Table 7 The results of different resampling ratios in DMDP with LSTM (FIN) + Wavenet (TEXT)

Dilation layers in wavenet We also evaluate the effects of different numbers of dilation layers in Wavenet on model performance. The results are presented in Table 8. We can see that the models with 8 dilation layers give the best performance. Following the practice in [28], we also tune the parameters including the skip channels, residual channels and the number of filters. The setting which achieves the best performance on validation set is obtained via grid search. Since the tuning is similar with dilation layers, we only list results of different dilation layers here.

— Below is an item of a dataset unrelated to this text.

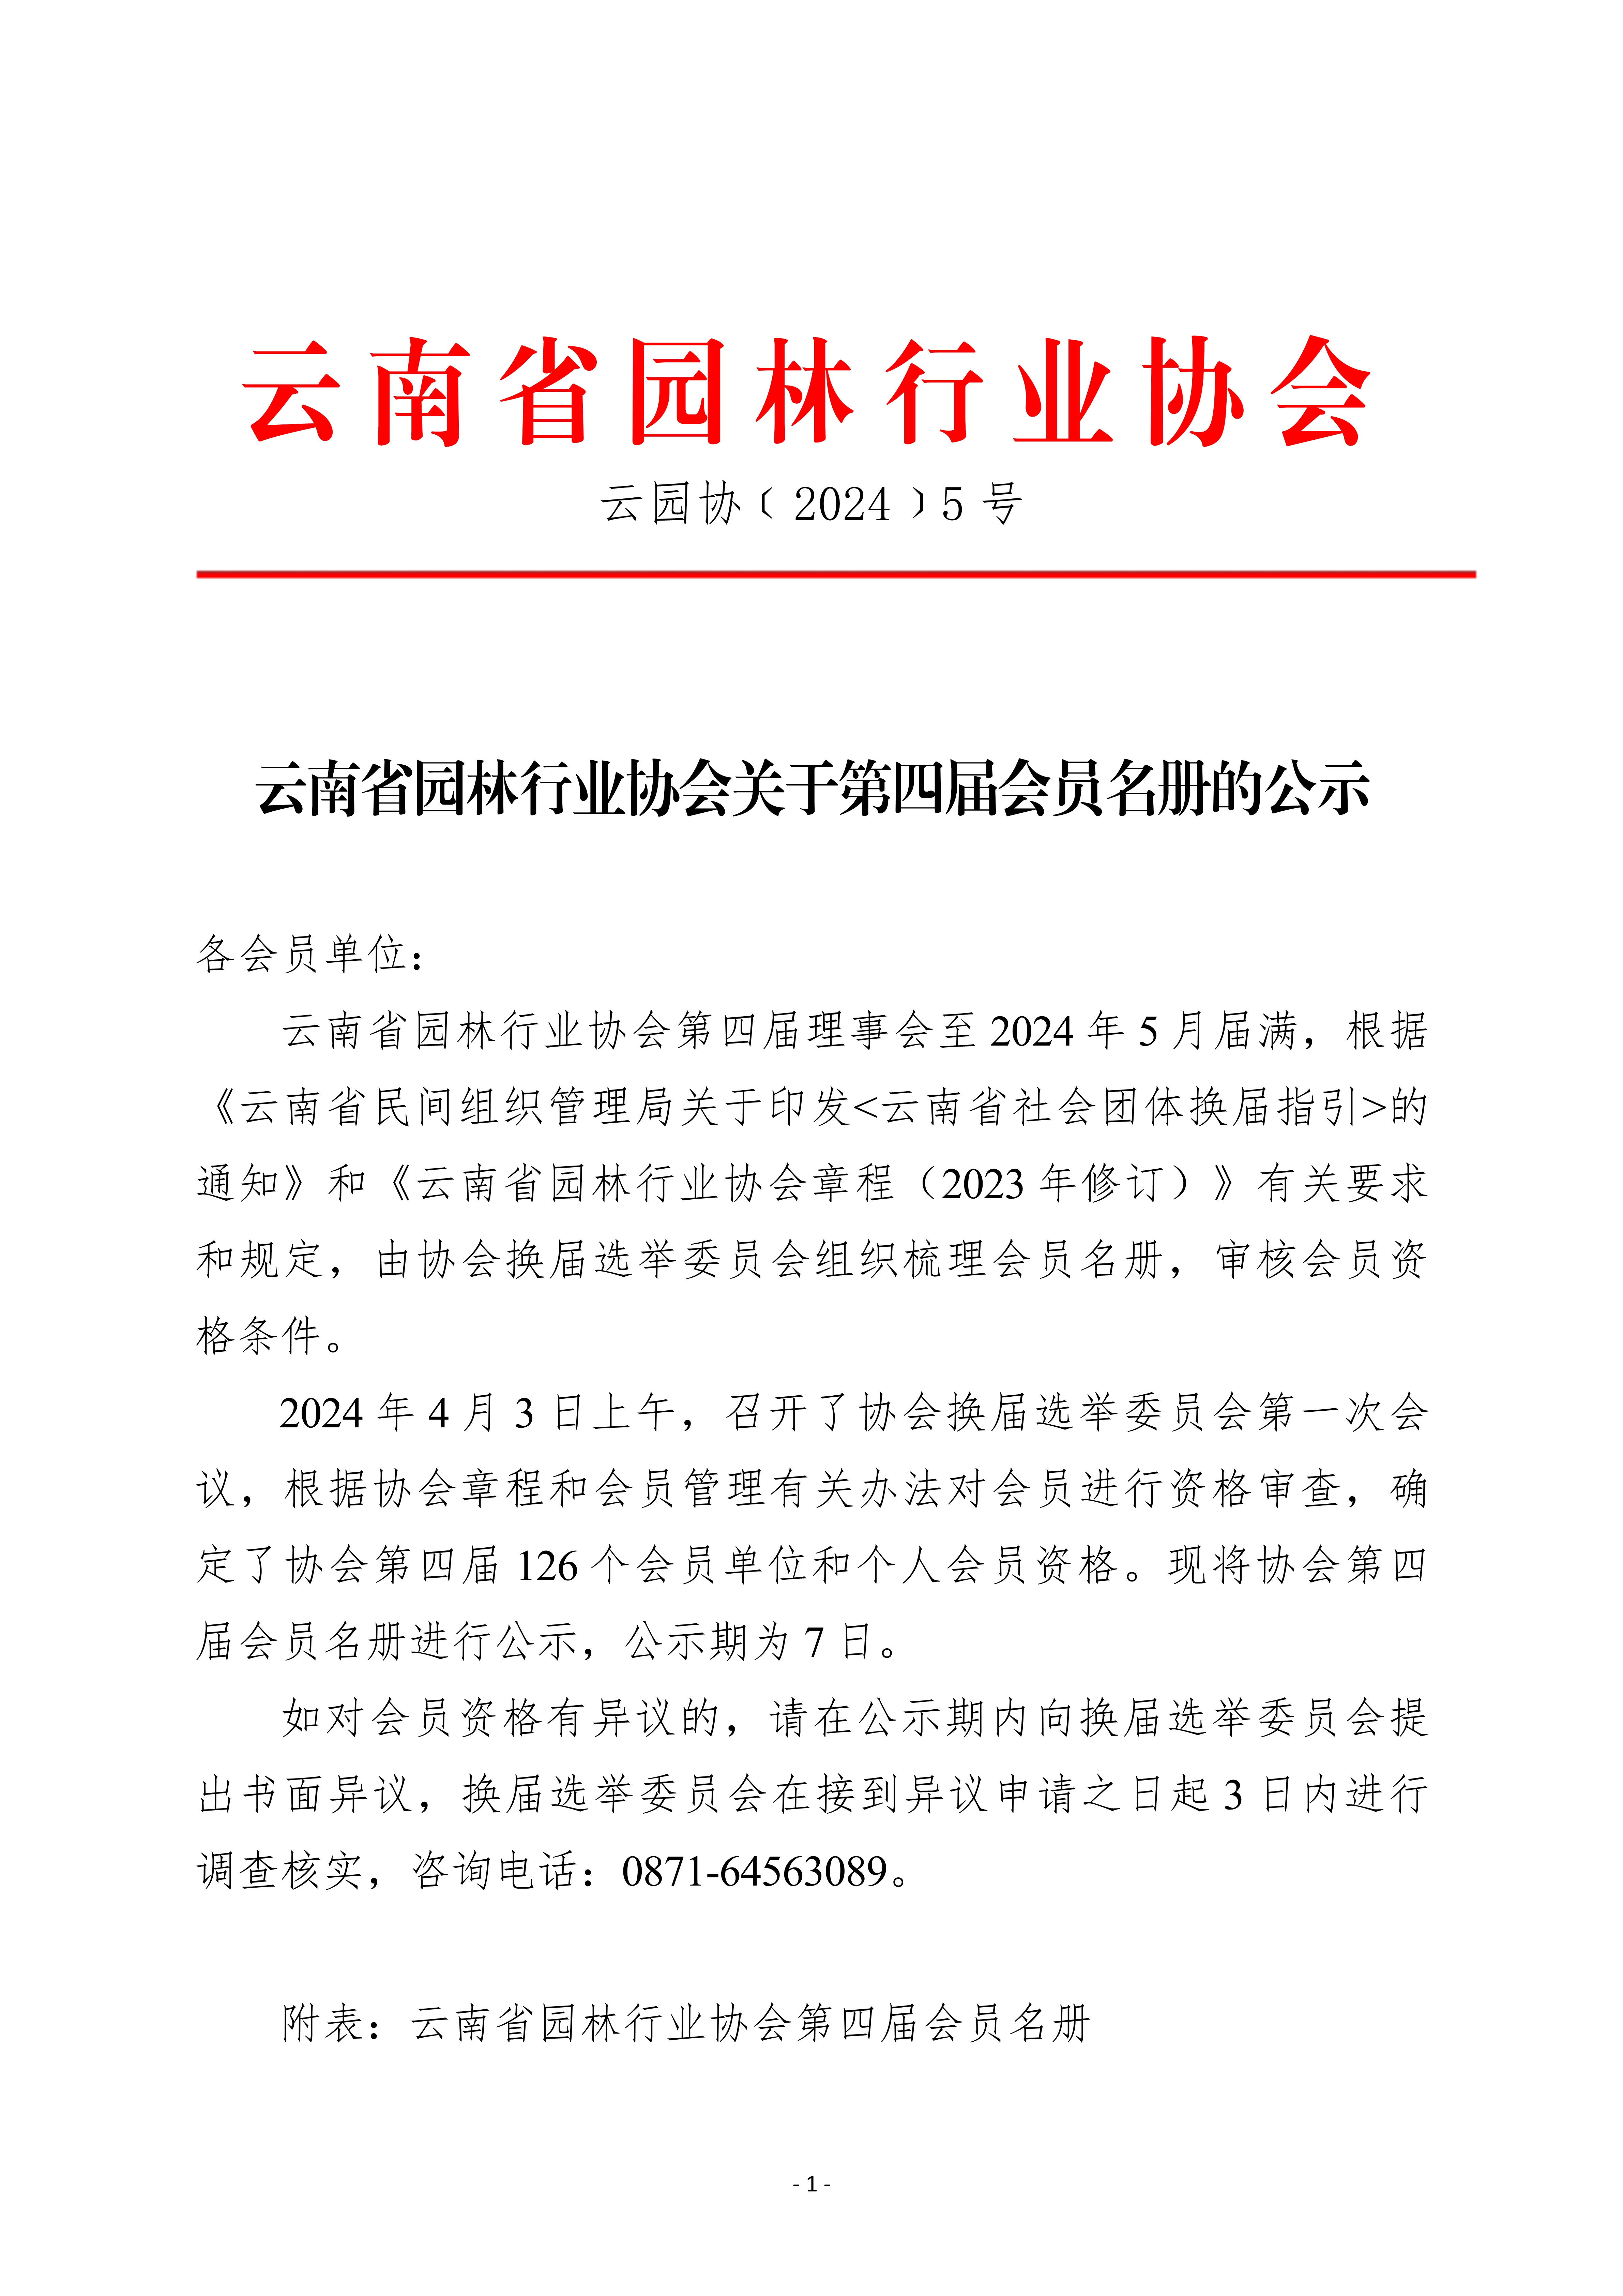 九州官方网站(中国)有限公司官网关于第四届会员名册的公示0403_1.jpg

Table 8 The results of different numbers of dilation layers in Wavenet (TEXT) in DMDP with LSTM (FIN) + Wavenet (TEXT)

5 Related Work

Recently, RNN variants such as LSTM [14] have been very successful in modeling the long-range sequential dependencies. And they have been applied to many time series forecasting or classification tasks. In [9], the authors used LSTM to predict whether a stock (6 typical stocks) would increase 0–1% (class 1), above 1% (class 2) or not increasing (class 3) within next three hours with the highest accuracy at 59.5%. In [36], the authors proposed a novel SFM model, which incorporates discrete Fourier transform (DFT) into LSTM, to predict values in the future series. They argued that by decomposing the hidden states of LSTM into multi-frequency components, they could capture different latent patterns behind the original time series. In [21], the authors tried to combine LSTM and CNN into a single framework called TreNet as the author argued that CNNs extract salient features from local raw data, while LSTM captures long-term dependency. The results demonstrated that the combined network outperforms both CNN and LSTM as well as various kernel-based models in predicting the trend in time series. However, to the best of our knowledge, no prior work has studied the problem of default probability prediction which is a critical task to perform risk assessment for listed companies. Moreover, none of the existing time series prediction methods leverages the informative social media data to enhance prediction accuracy.

6 Conclusion

This paper has developed a default probability prediction framework DMDP, which leverages both structured financial factors and unstructured news from social media, to capture default risk states of the observed corporations. DMDP involves a data alignment component to absorb multi-source data with different timestamps. We further adopt LSTM, Phased LSTM and Wavenet for financial variables time series and news text time series, respectively, to effectively extract the latent information. In the experiments, we considered over 30 financial indicators including the profitability, solvency, operation ability, cash flow ability and potential growth ability of records for over 3000 listed corporations in mainland China. The results show that compared to the existing risk assessment approach that only considers financial factors, our neural method with additional indicators from social media news improves the accuracy of the default probability prediction results. As future work, we will investigate the following research directions: (1) the effects of public opinions among affiliated companies on a company’s default value; (2) the importance of different features on default probability prediction performance.